Orphan-drug designation will be granted by the FDA Office of Orphan Drug Products Development to novel drugs or biologics that may treat a condition affecting less than 200,000 persons in the US or occurs in more than 200,000 persons and for which there is no reasonable expectation that the cost of development and distribution of the drug will be recovered. ALS is a progressive, neurodegenerative disease that afflicts 20,000 to 30,000 people in the US.
The designation offers a number of potential incentives, which may include a seven-year period of US marketing exclusivity from the date of marketing authorization, funding for clinical studies, study design assistance, waiver of FDA user fees, and tax credits for clinical research.
Cytokinetics has plans to commence a Phase II Evidence of Effect clinical trial for CK-2017357 in ALS patients in the first half of 2010.
Andrew Wolff, senior vice president and chief medical officer of Cytokinetics, said: “We are pleased that the FDA has granted orphan drug status to CK-2017357 for the potential treatment of ALS. This designation indicates their recognition that this novel drug candidate may address significant unmet medical needs in patients suffering from this grievous and uniformly fatal disease.
“With the planned initiation of our Phase II Evidence of Effect trial in patients with ALS, we look forward to continuing to work closely with regulators, as well as with our clinical investigators and key opinion leaders in the field of ALS, to advance this promising drug candidate through clinical development.”

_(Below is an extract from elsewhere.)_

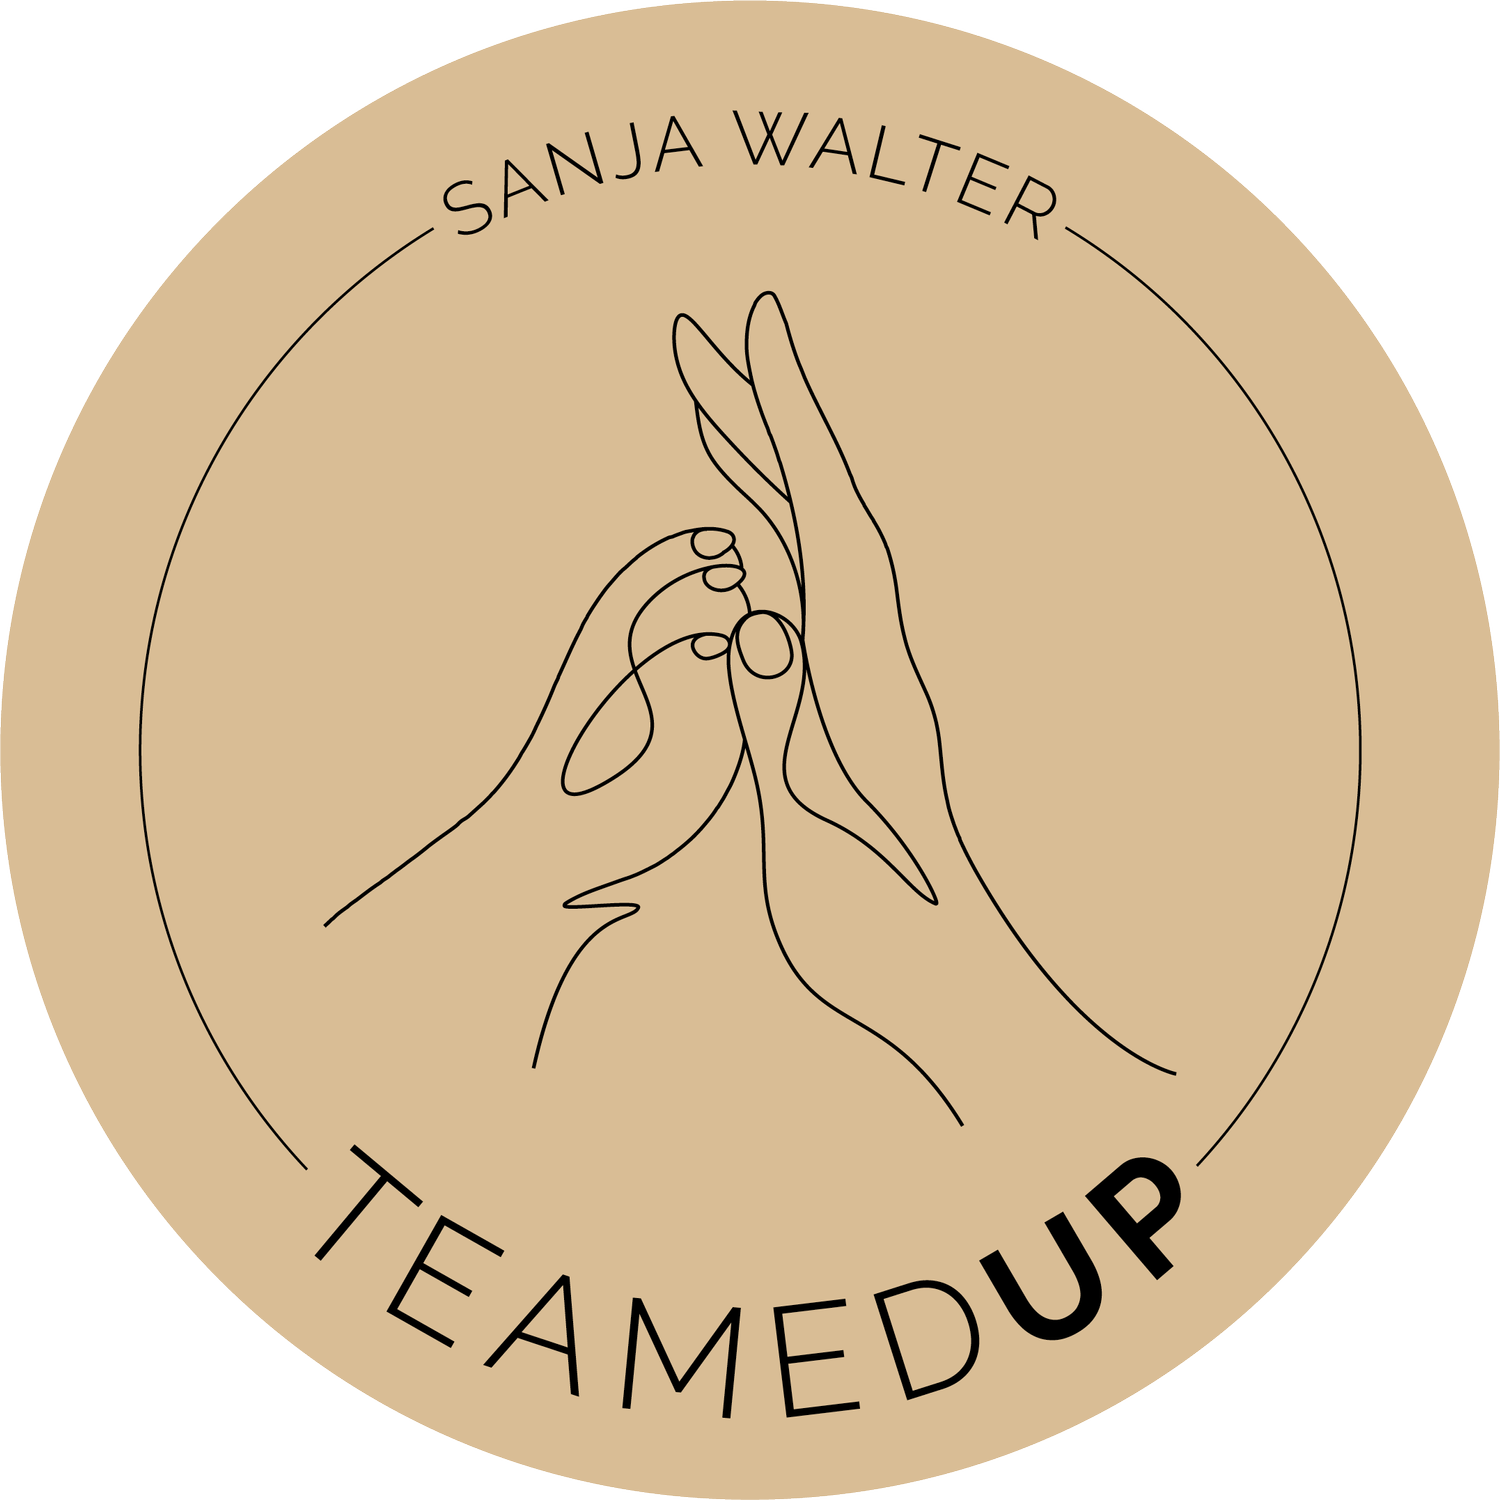 teamed up by Sanja Walter

Cytokinetics recently revealed the data from two Phase I clinical trials evaluating CK-2017357. The first trial is a two-part, single-dose, Phase I clinical trial of CK-2017357. Part A of this trial is designed to evaluate the safety, tolerability and pharmacokinetic profile of increasing single doses of this drug candidate in healthy volunteers and to determine its maximum-tolerated dose and plasma concentration.

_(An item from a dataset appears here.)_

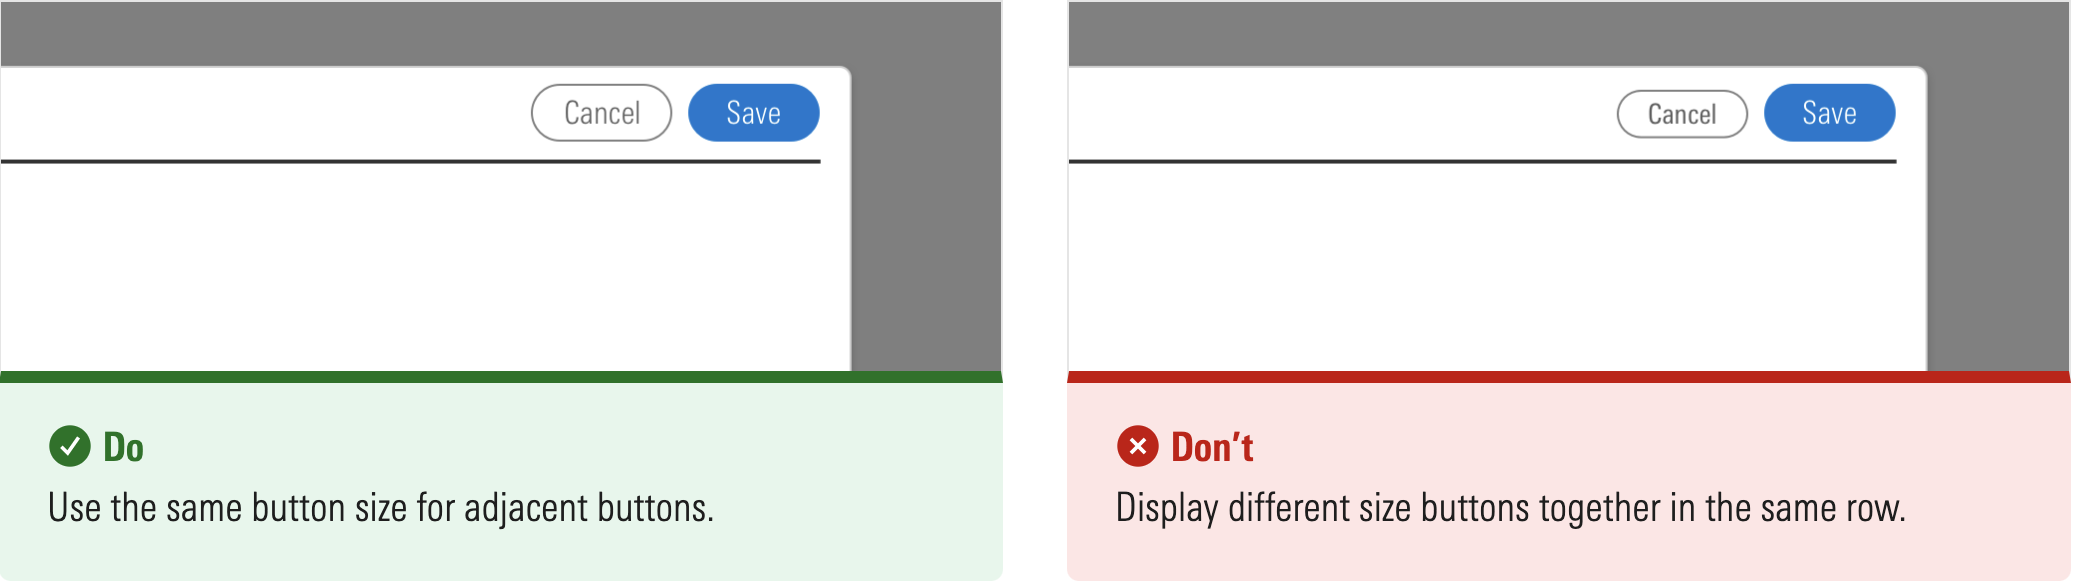 Use the same button size for adjacent buttons.

Till date, single doses up to 2000mg have been administered without intolerable adverse events being observed. Part B of this trial was designed to assess the pharmacodynamic effects of CK-2017357 on skeletal muscle function after single oral doses of 250, 500 and 1000 mg, and to assess the relationship of the effects observed to the associated plasma concentrations of CK-2017357, also in healthy volunteers.
In Part B, CK-2017357 produced concentration-dependent, statistically significant increases versus placebo in the force developed by the tibialis anterior, the muscle evaluated in Part B of this trial. CK-2017357 was well-tolerated and no serious adverse events were reported.
The second trial was a multiple-dose, Phase I clinical trial of CK-2017357 designed to investigate the safety, tolerability and pharmacokinetic profile of CK-2017357 after multiple oral doses to steady state in healthy male volunteers. The trial assessed doses that produced plasma concentrations in the range associated with pharmacodynamic activity in Part B of the single-dose Phase I study. At steady state, both the maximum plasma concentration and the area under the CK-2017357 plasma concentration versus time curve from before dosing until 24 hours after dosing were generally dose-proportional.
In general, systemic exposure to CK-2017357 in this trial was high and inter-subject variability was low. In addition, these multiple-dose regimens of CK-2017357 were well-tolerated, and no serious adverse events were reported. The company believes that these results, in combination with the single-dose Phase I clinical trial data, support movement into planned Phase II Evidence of Effect clinical trials in patients with neuromuscular diseases and other conditions that may limit mobility, specifically amyotrophic lateral sclerosis (ALS) and claudication.
CK-2017357 selectively activates the fast skeletal troponin complex by increasing its sensitivity to calcium, leading to an increase in skeletal muscle force. This mechanism of action has demonstrated encouraging pharmacological activity in preclinical models that may relate to the potential treatment of diseases associated with aging, muscle wasting or neuromuscular dysfunction.
Skeletal muscle contractility is driven by the sarcomere, the fundamental unit of skeletal muscle contraction. It is a highly ordered cytoskeletal structure composed of skeletal muscle myosin, the cytoskeletal motor that is directly responsible for converting chemical energy into mechanical force, actin, and a set of regulatory proteins, troponins and tropomyosin, which make the actin-myosin interaction dependent on changes in intracellular calcium levels.
Cytokinetics’ skeletal muscle contractility program is focused to the discovery and development of small molecule skeletal sarcomere activators.